• DATA EXTRACT
• • • • • • •
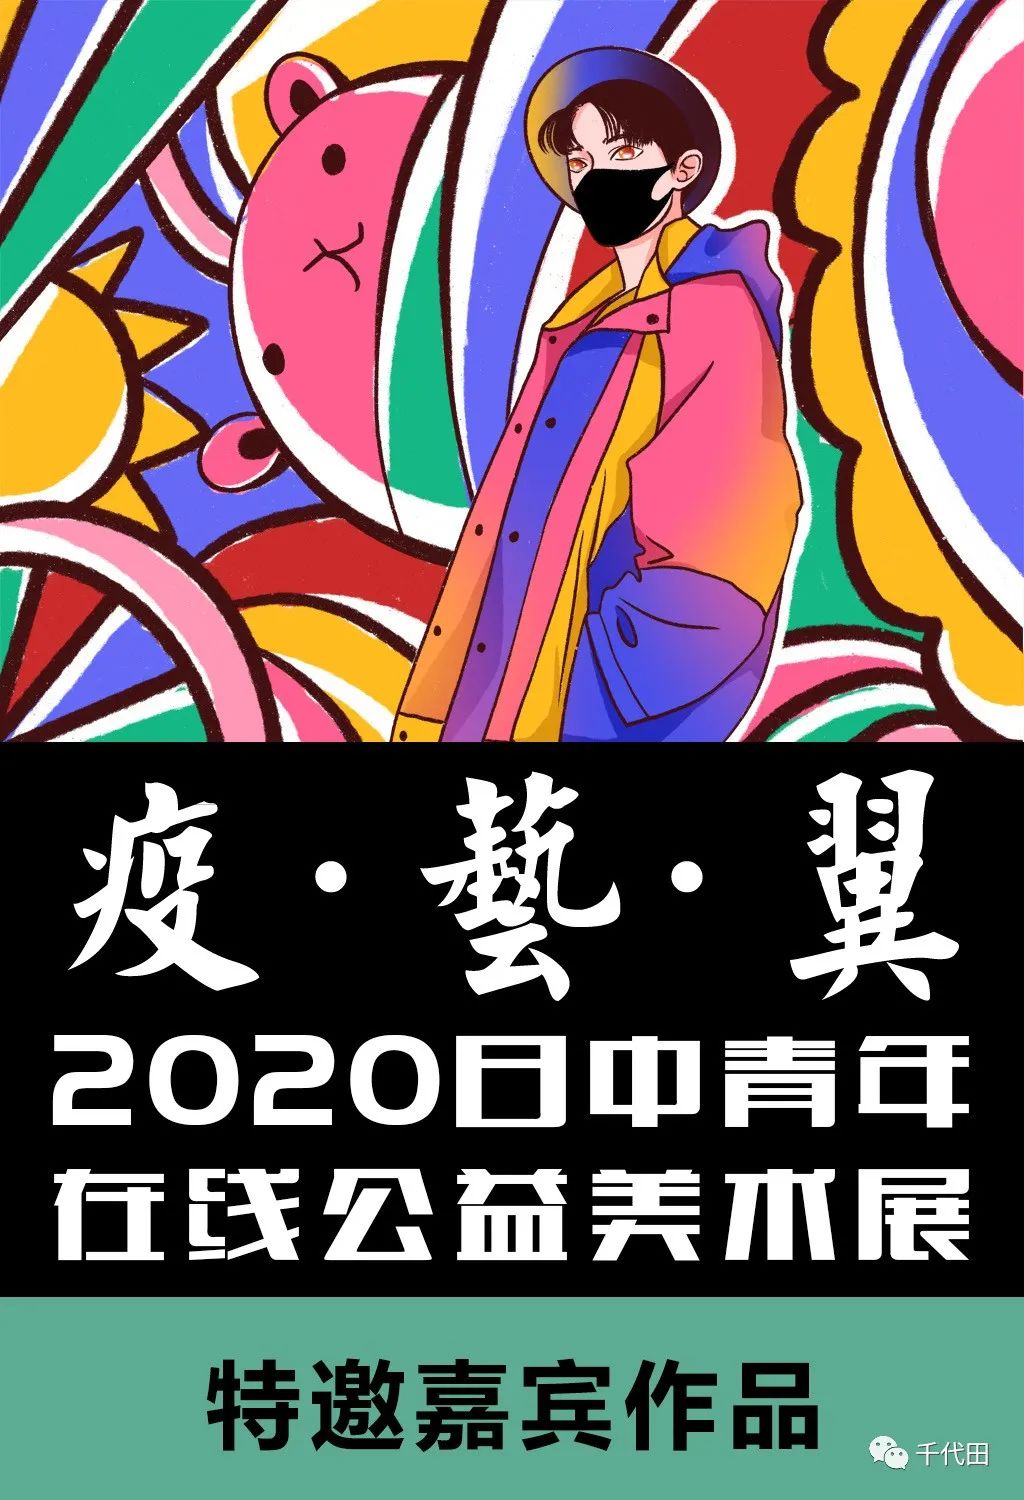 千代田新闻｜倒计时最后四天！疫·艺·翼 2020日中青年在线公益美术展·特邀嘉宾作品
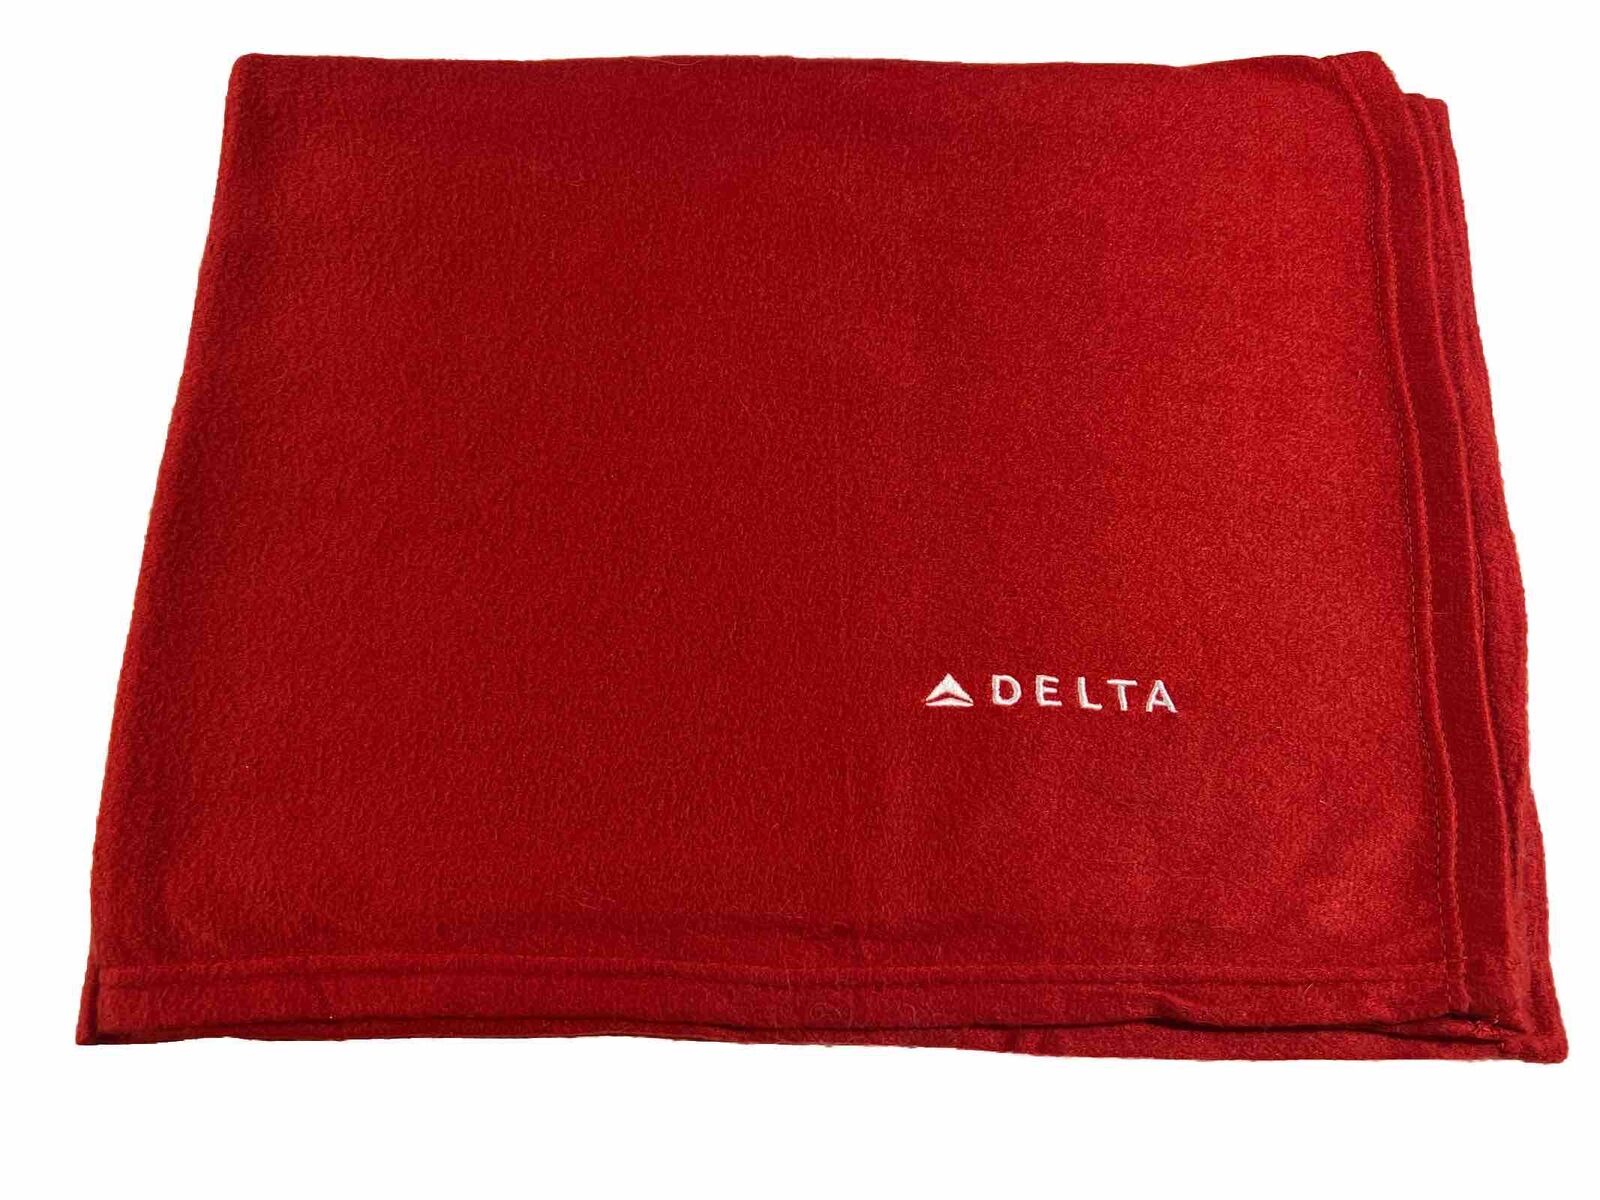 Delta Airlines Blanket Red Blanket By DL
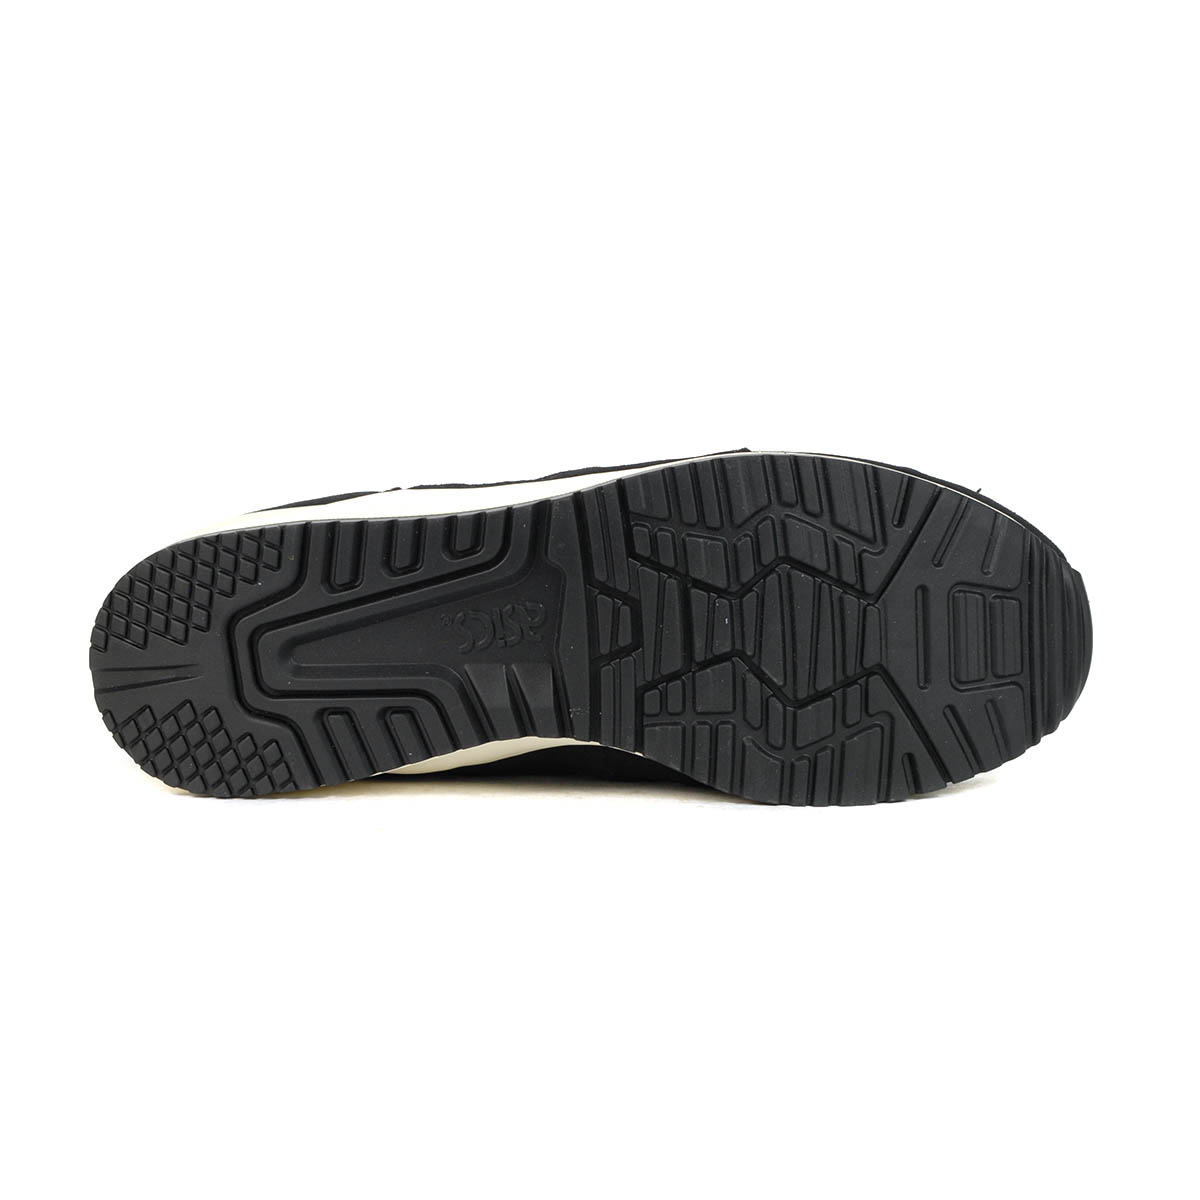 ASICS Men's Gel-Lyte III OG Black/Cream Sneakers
• • • • • • •
Would you repeat each line of the listing exactly, skipping any picture?

• WRITTEN RESPONSE
 千代田新闻｜倒计时最后四天！疫·艺·翼 2020日中青年在线公益美术展·特邀嘉宾作品
 Delta Airlines Blanket Red Blanket By DL
 ASICS Men's Gel-Lyte III OG Black/Cream Sneakers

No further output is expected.